In two days' time the Five Nations champions (in perpetuity) visit the world champions (in memoriam). The great No8 John Beattie played for Scotland's victorious side of '83. Like Dawson, he is a cultured and intelligent man who told me Twickenham "is much more anti-Scottish now". He is right. It's tangible. I can see it in my texts, emails and I can hear it in the calls to Five Live. The days of unilateral pettiness are in the past and in the past they will remain. It's bloody unnerving seeing our small minds mirrored back at us. John says: "I used to sing Flower of Scotland and go along with all the hype and play it up but inside I was going 'this is crazy'. The problem is, we were like marauding banshees, but now they are waiting for us. They have stopped to our level."
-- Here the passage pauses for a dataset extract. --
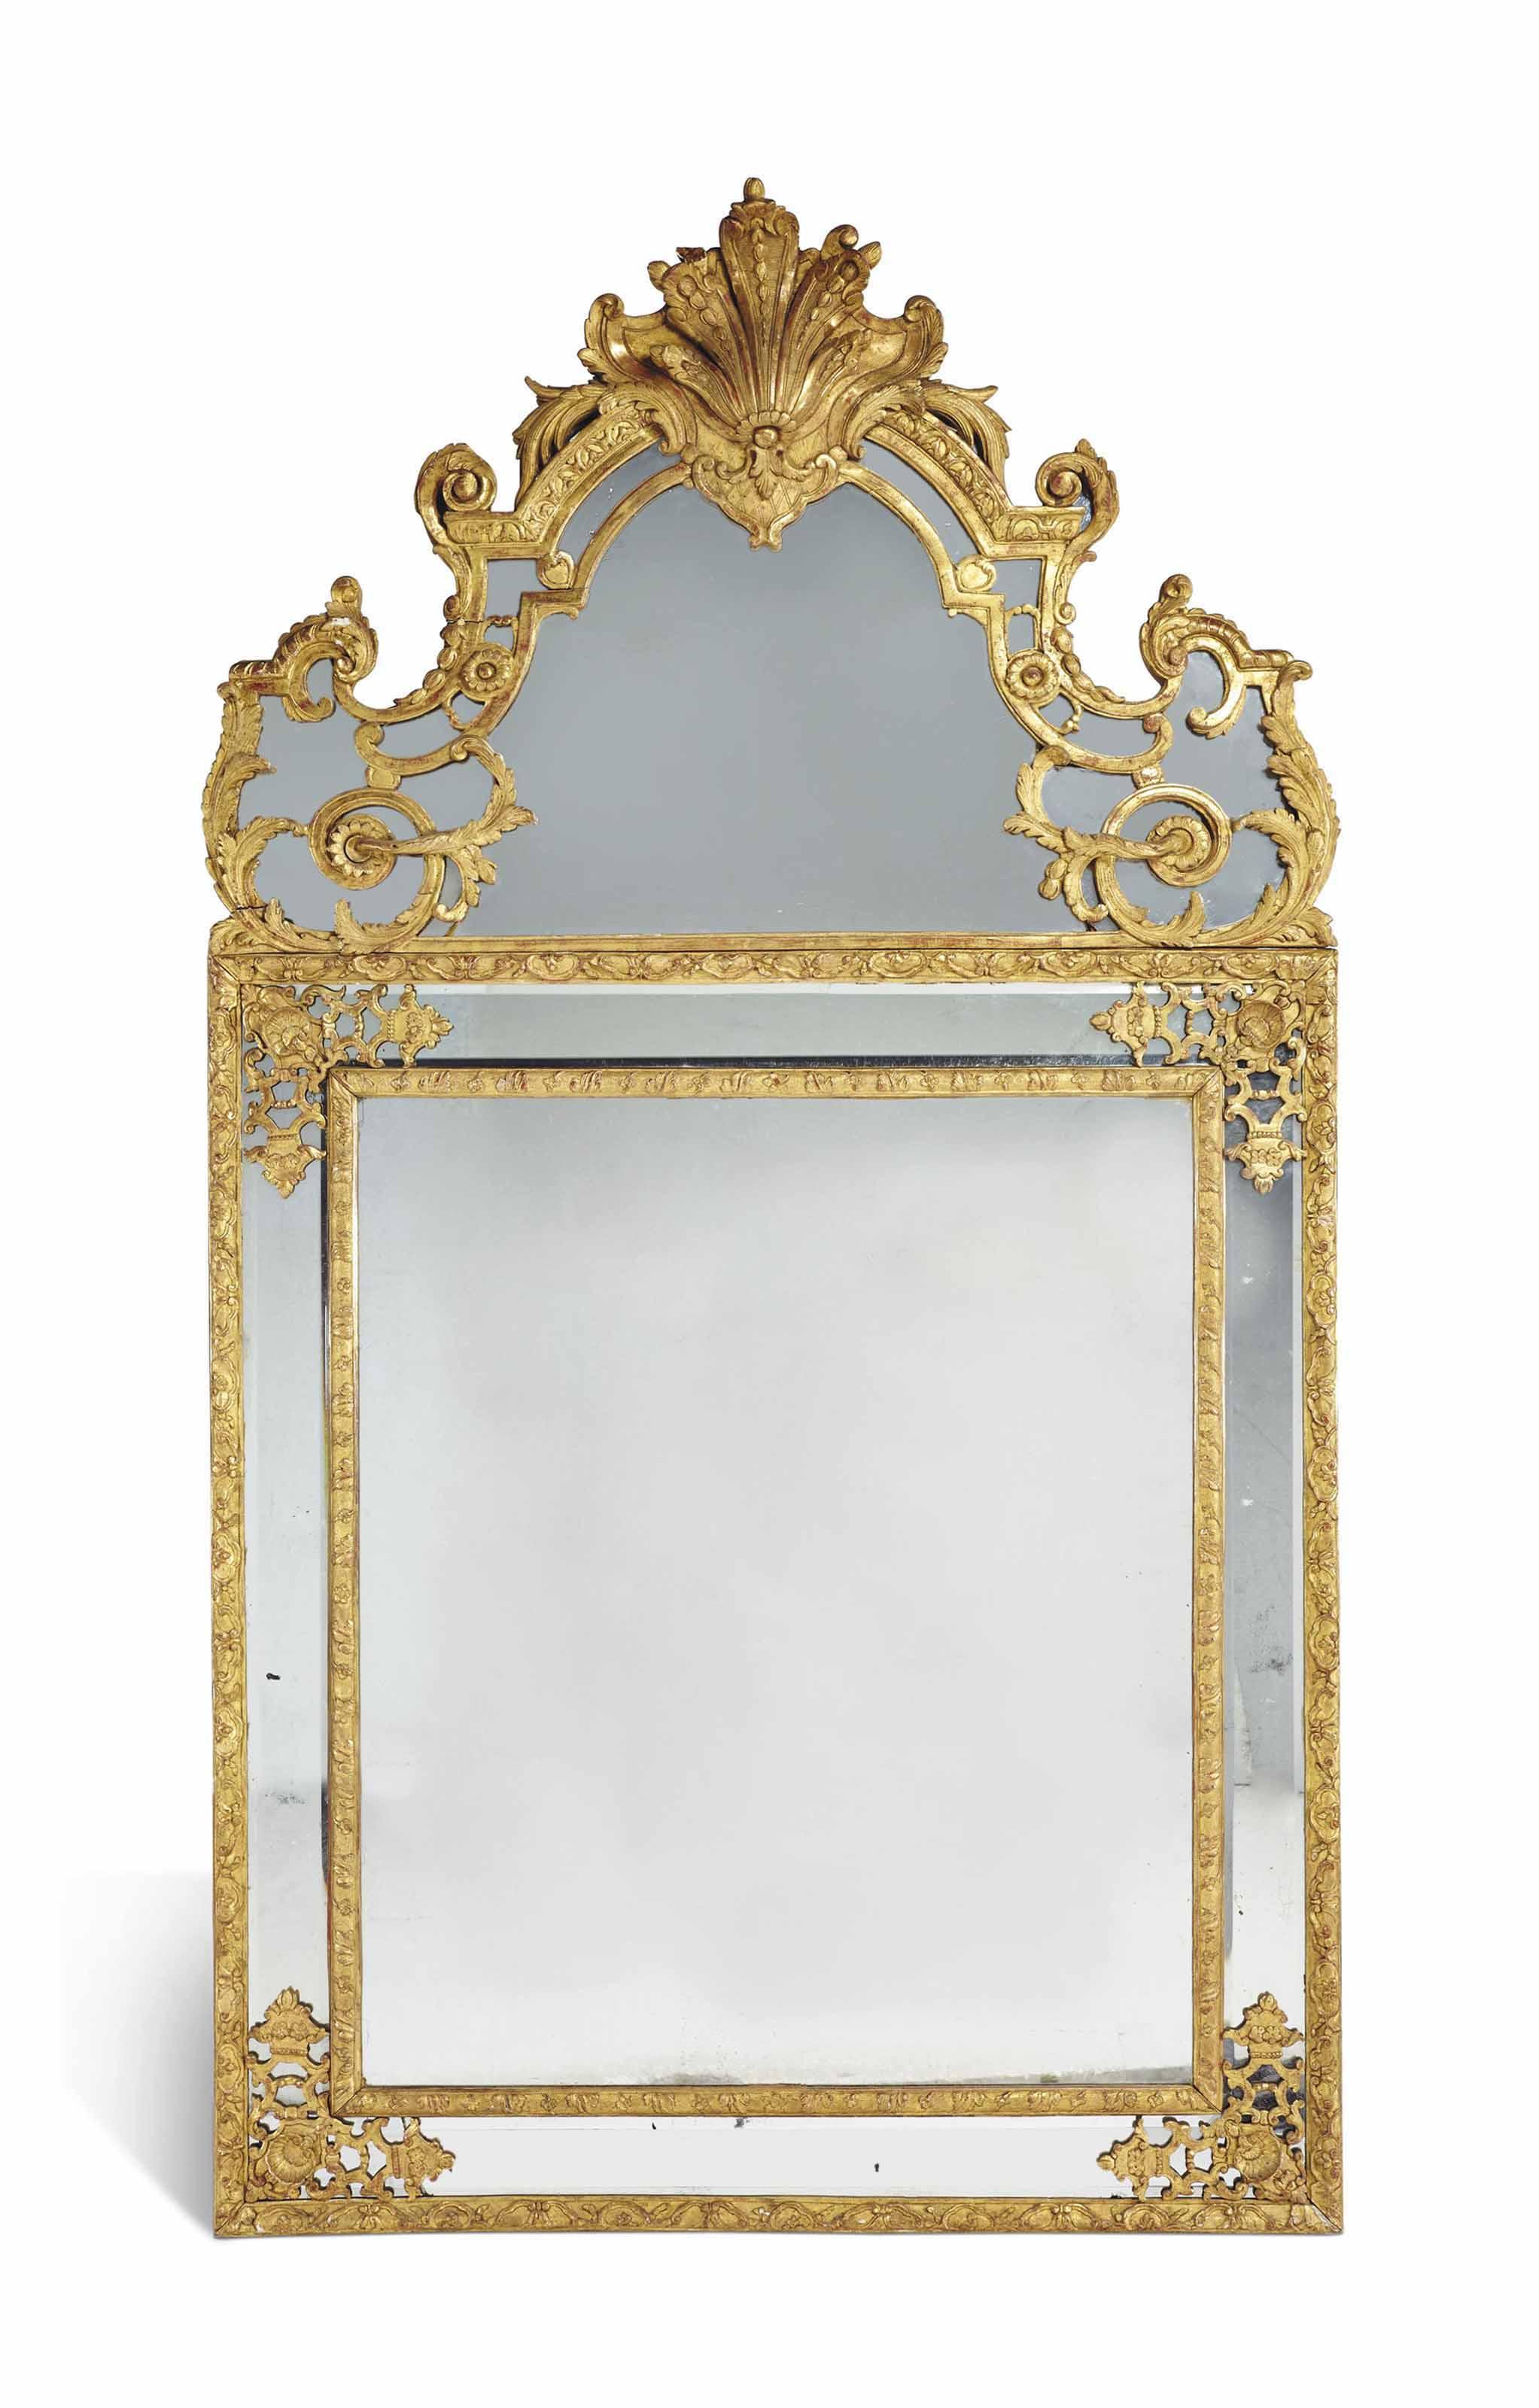 Miroir a parecloses de style regence fin du xixeme for Miroir de style

Television's theme of dreams deserves a truly Grandstand finish

Brassy and strong, humming along/

I can't believe Grandstand has gone/ BOING

Life is a bitch, 70s kitsch/

funky and rich - flung in the ditch/

BOING

I just can't believe that I'm not/

ever going to/

hear that tune again

Saturday afternoons are never going to be/

the same/

Some people think that it's a/

great shame

Not me though (we've stopped singing now). The time has come for the programme to go. The BBC brass are right; the great pity is losing the other brass, luscious strings, pulsating bass and white guy funkster groove, "incorporating wonderful, extended and rich chords that often move through unexpected and beautiful progressions", which is how the oeuvre of composer Keith Mansfield, King of Library music, has been described. Can we not still hear it anyway at 5.10 every Saturday without the curate's egg that went before?

The tune, always inspiring, has lifted me out of many doldrums over the years. It soothed my despair after emotionally draining rugby defeats, my misery after financially crippling Grand Nationals and my sanity after the near narcolepsy of the previous four hours. The soaring melody set me up beautifully for an evening with Dr Who, Bruce Forsyth's Generation Game and the Duchess of Duke Street. We can't let it go the way of plate spinning and performing poodles.

Do ya think I'm sexist?

Samuel Johnson was a wag, not in the sense of one with a moronic predilection for ghastly handbags but in the delicious provocation of his wit and wisdom. He said: "A man is in general better pleased when he has a good dinner upon his table than when his wife talks Greek." Mike Newell would appear to agree. This week the Luton manager spoke to the Mail about his objections to female officials, concluding: "If that sounds sexist it is because I am sexist." A dear colleague of mine wondered: "Do you think he takes a bung - to shut his face?" Women! So touchy.

At least Newell is honest and knowing. Will the outgoing Uefa president Lennart Johansson be remembered for his administrative genius or for the slavering suggestion that women's football could benefit financially by promoting the image of "sweaty, lovely looking girls". Remember that thing Vic and Bob used to do with their knees? Well, substitute Johansson and Sepp Blatter. In response to the howls of protest the big Swede countered: "All I was saying is that women are more marketable than men. I would never want to upset or criticise the women's game." Keep digging Len.